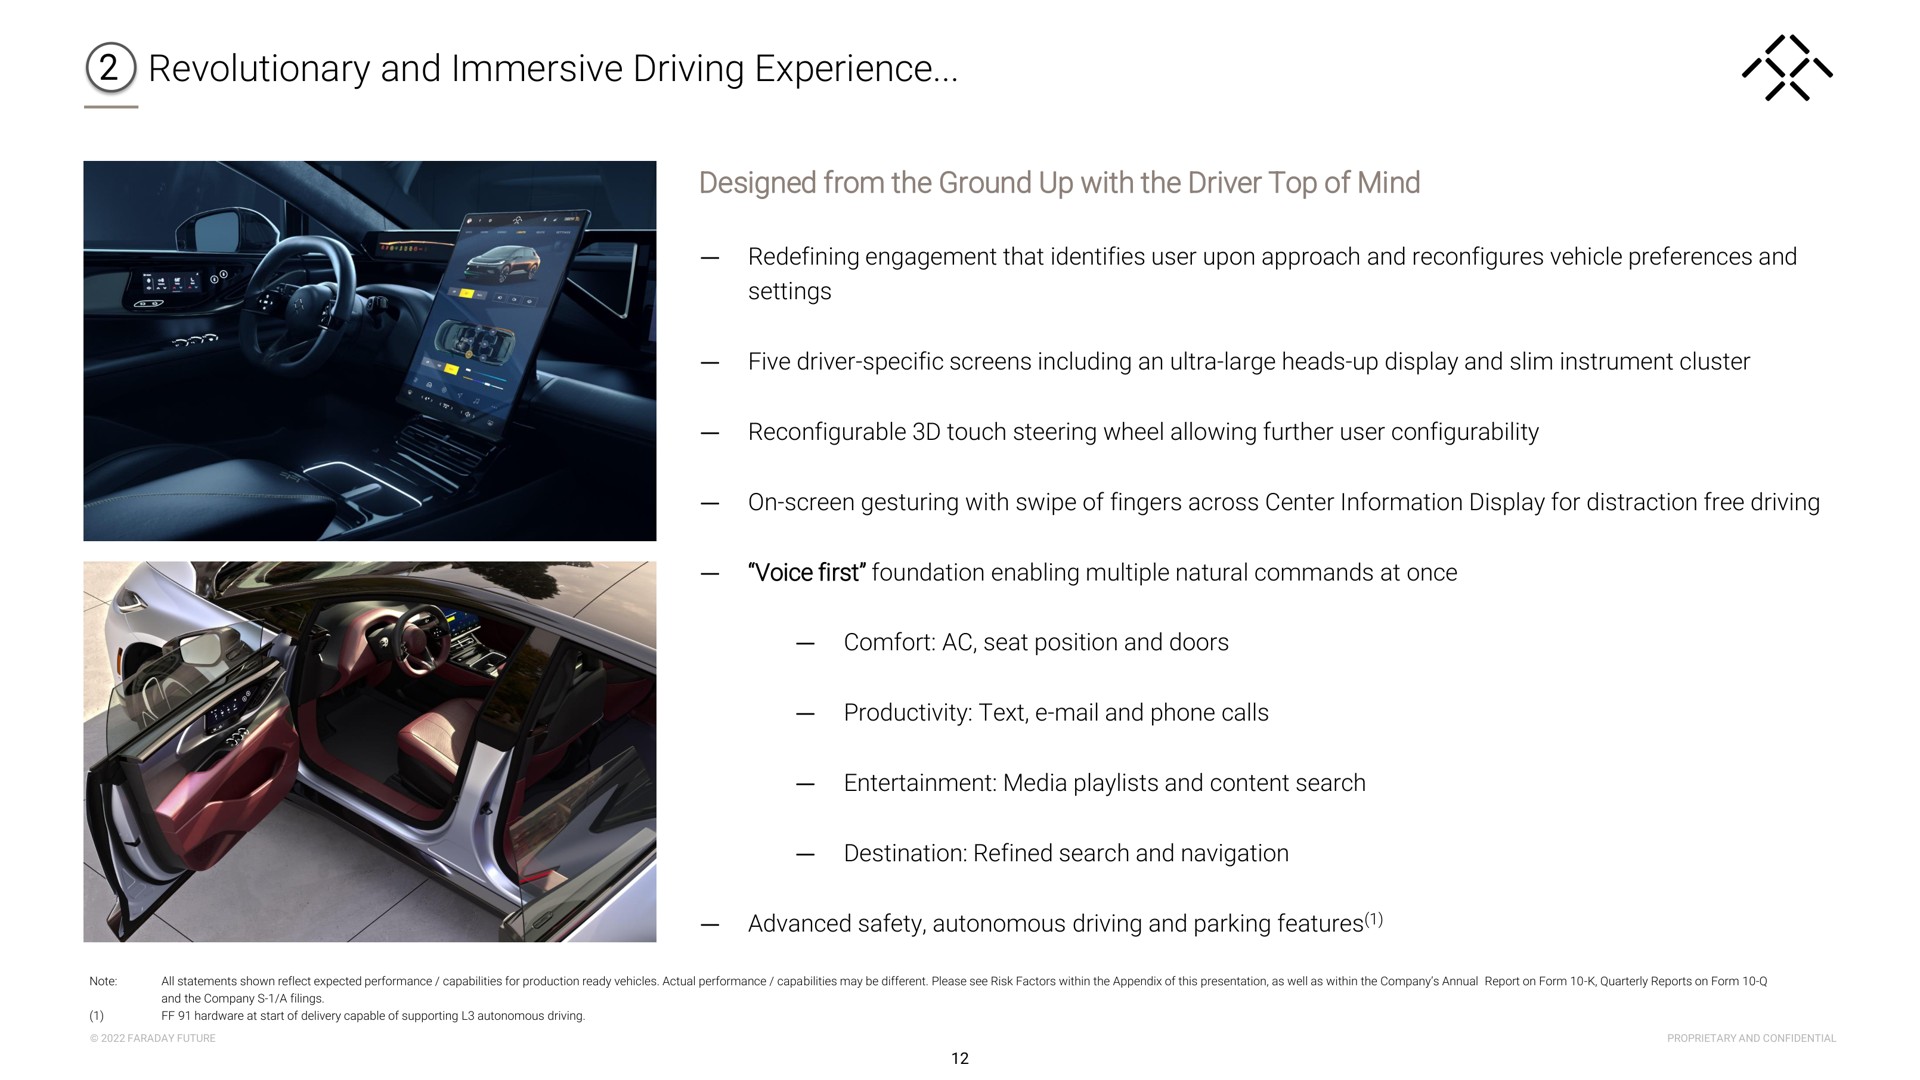 revolutionary and immersive driving experience designed from the ground up with the driver top of mind | Faraday Future
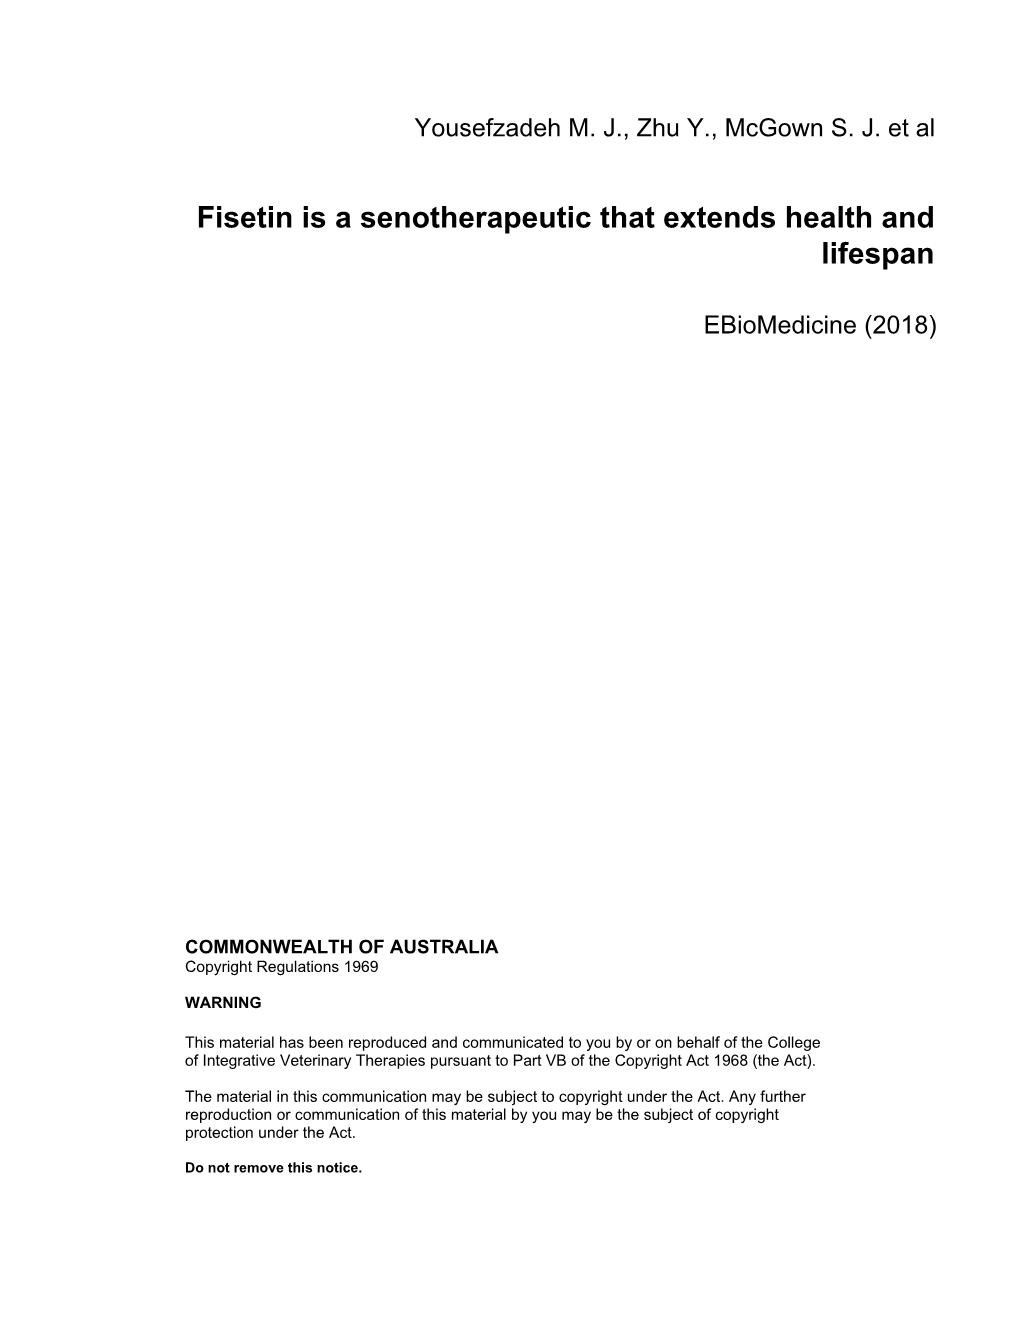 Fisetin Is a Senotherapeutic That Extends Health and Lifespan
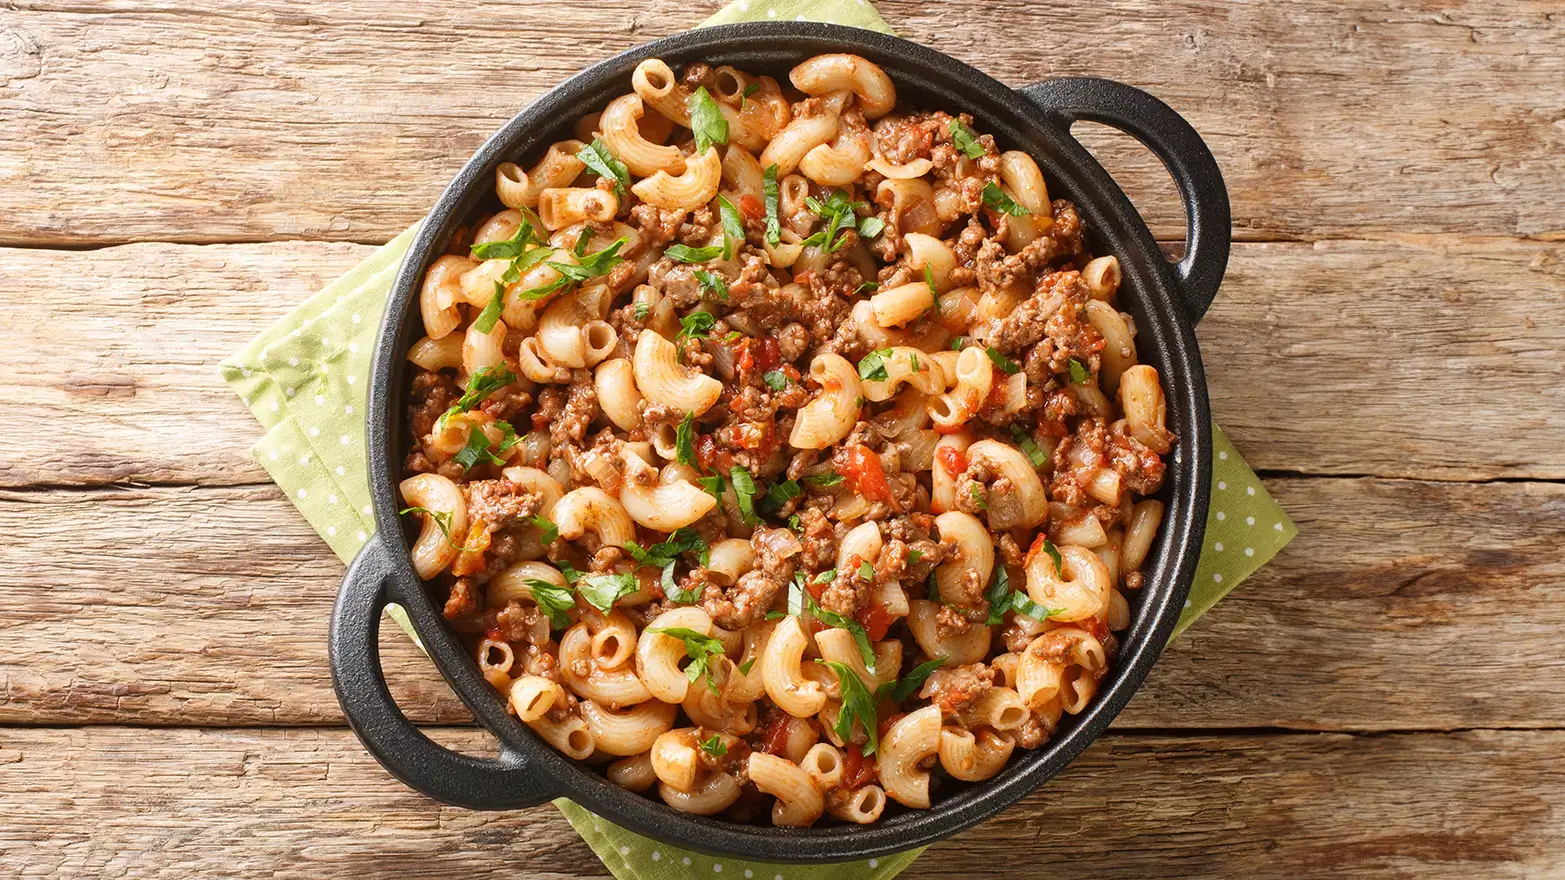 Chickpea pasta with meat sauce

☆ ☆ ☆ ☆ ☆

→ Assigned task
The copy must begin with the line containing "Fisetin Is a", end with the last line of the material, match each line exactly, and hold no pictures.

→ Written reply
 Fisetin Is a Senotherapeutic That Extends Health and Lifespan
 Chickpea pasta with meat sauce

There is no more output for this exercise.